Foi publicada no Diário Oficial da União de 17.04.2017 a Circular da Caixa Econômica Federal n° 761, de 12 de abril de 2017, a qual aprova e divulga o cronograma de implantação do eSocial e o Leiaute eSocial versão 2.2.01.

Referente aos eventos aplicáveis ao FGTS, declara aprovado o cronograma e prazo de envio de informações definidos na Resolução Comitê Diretivo do eSocial nº 2, de 30 de agosto de 2016 (DOU de 31/08/2016), definindo o início da obrigatoriedade de transmissão dos eventos que se dará conforme descrito abaixo:

em 1° de janeiro de 2018 para o empregador com faturamento no ano de 2016 acima de R$ 78.000.000,00 (setenta e oito milhões reais), exceto para os eventos relativos à saúde e segurança do trabalhador (SST) que serão obrigatórios após os 6 (seis) primeiros meses do início da obrigatoriedade.

-em 1° de julho de 2018 para os demais empregadores, exceto para os eventos relativos à saúde e segurança do trabalhador (SST) que serão obrigatórios após os 6 (seis) primeiros meses do início da obrigatoriedade.

O tratamento diferenciado, simplificado e favorecido a ser dispensado às microempresas e empresas de pequeno porte, ao Micro Empreendedor Individual (MEI) com empregado, ao segurado especial e ao pequeno produtor rural pessoa física será definido em atos específico, observados os prazos previstos acima.

Até 1° de julho de 2017, será disponibilizado, aos empregadores, o ambiente de produção restrito com vistas ao aperfeiçoamento do sistema.

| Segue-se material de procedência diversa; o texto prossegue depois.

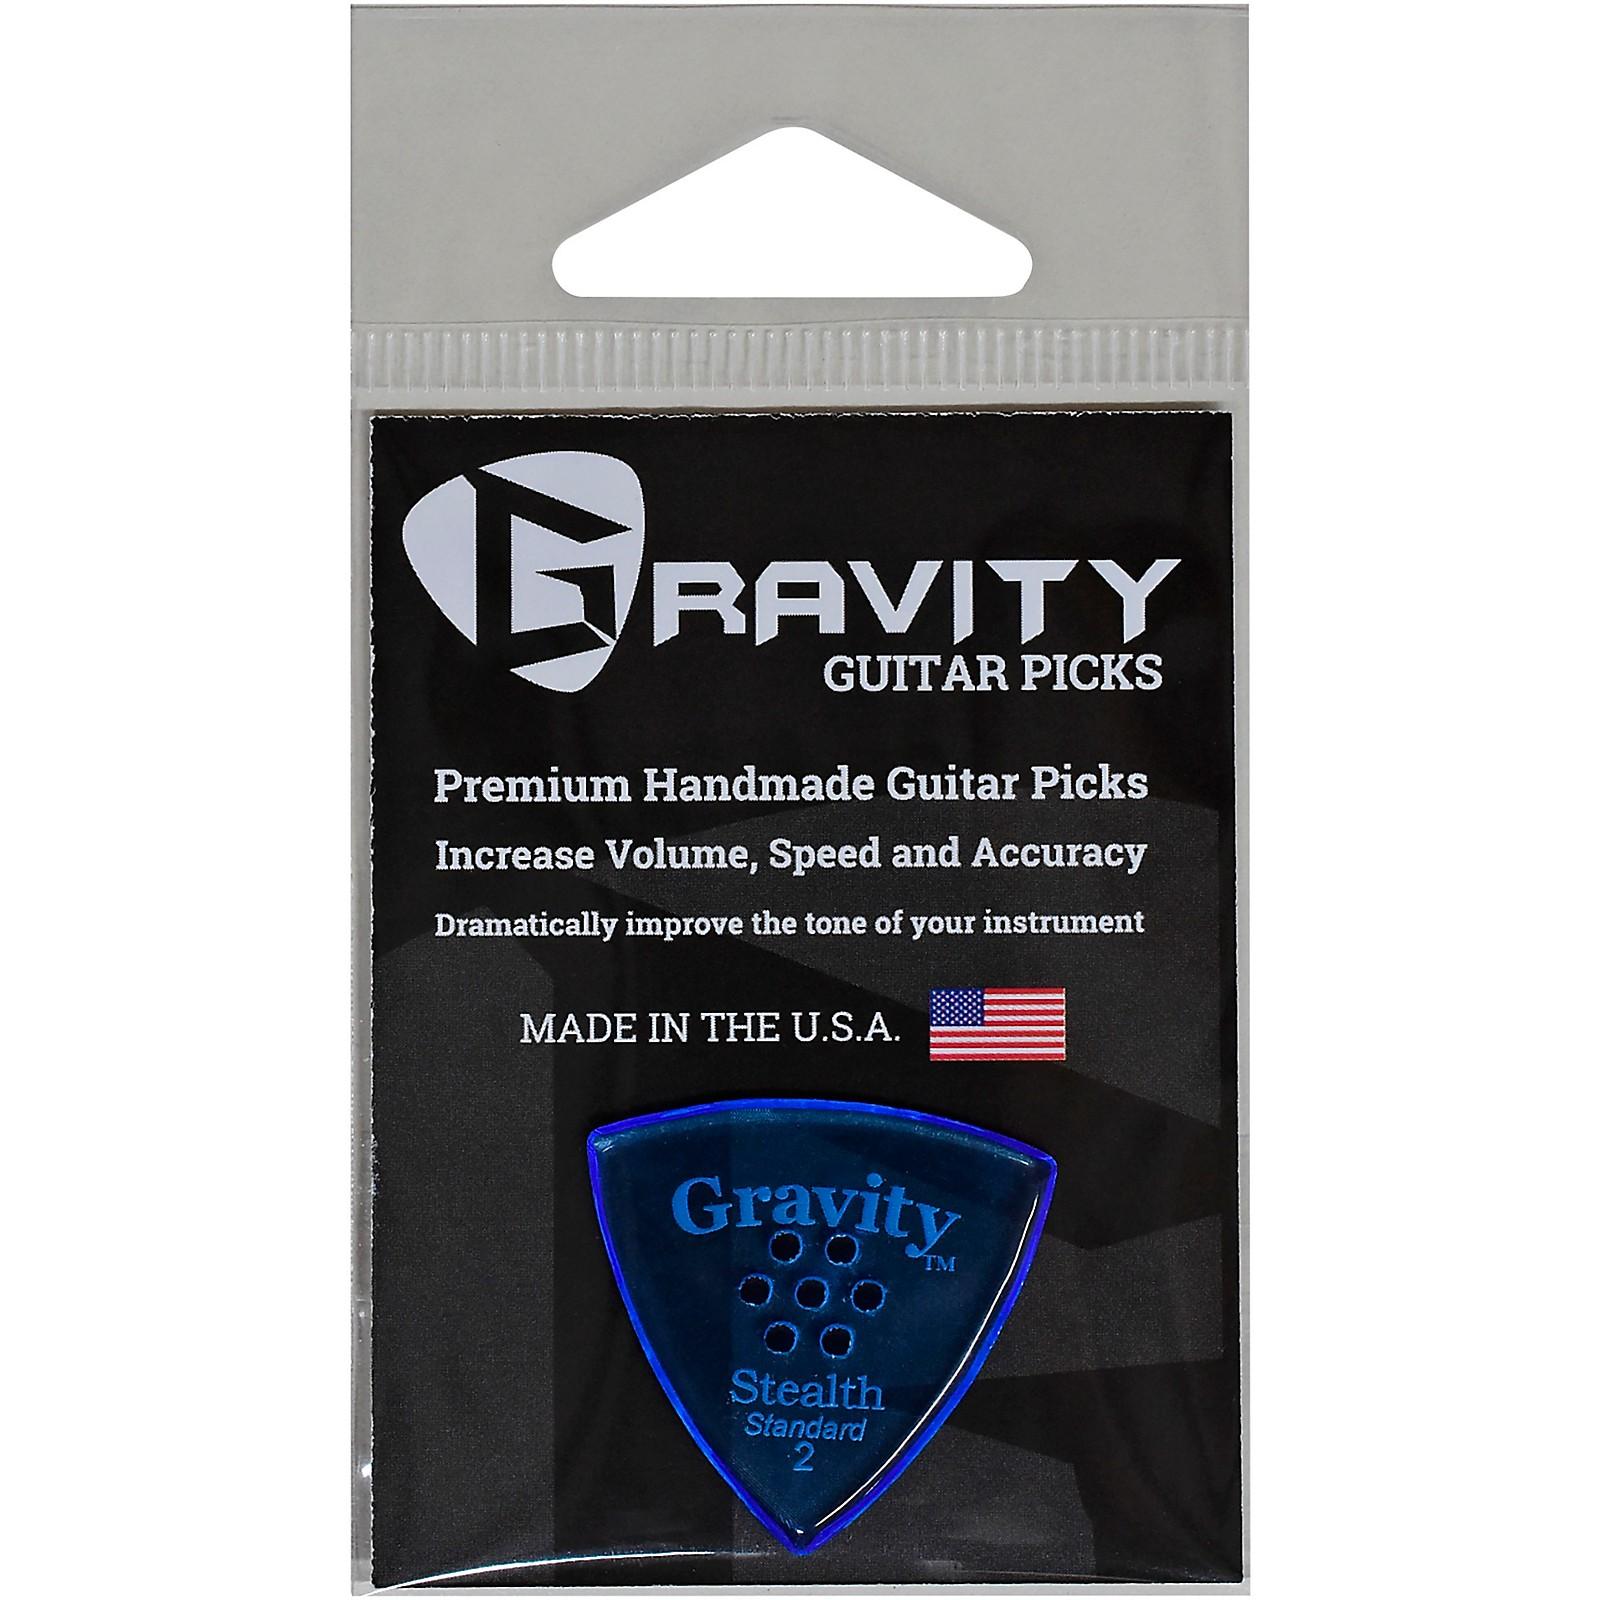 GRAVITY PICKS Stealth Standard Polished Blue Multi-Hole Guitar Picks

Além disso, aprova a versão 2.2.01 do Leiaute do eSocial que define os eventos que compõem o Sistema de Escrituração Fiscal Digital das Obrigações Fiscais, Previdenciárias e Trabalhistas (eSocial), e que deve ser observado pelo empregador, no que couber.

O acesso à versão atualizada e aprovada deste Leiaute estará disponível na Internet, nos endereços “www.esocial.gov.br” e “www.caixa.gov.br“, opção “download”.

A prestação das informações pelo empregador por meio do eSocial substituirá, na forma e nos prazos regulamentados pelo Agente Operador do FGTS, a entrega das mesmas informações a que estão sujeitos os empregadores, seja por meio de formulários, declarações ou pelo Sistema Empresa de Recolhimento do FGTS e Informações à Previdência Social (SEFIP), naquilo que for devido.

As informações contidas nos eventos aplicáveis ao FGTS serão utilizadas pela CAIXA para consolidar os dados cadastrais e financeiros da empresa e dos trabalhadores, no uso de suas atribuições legais.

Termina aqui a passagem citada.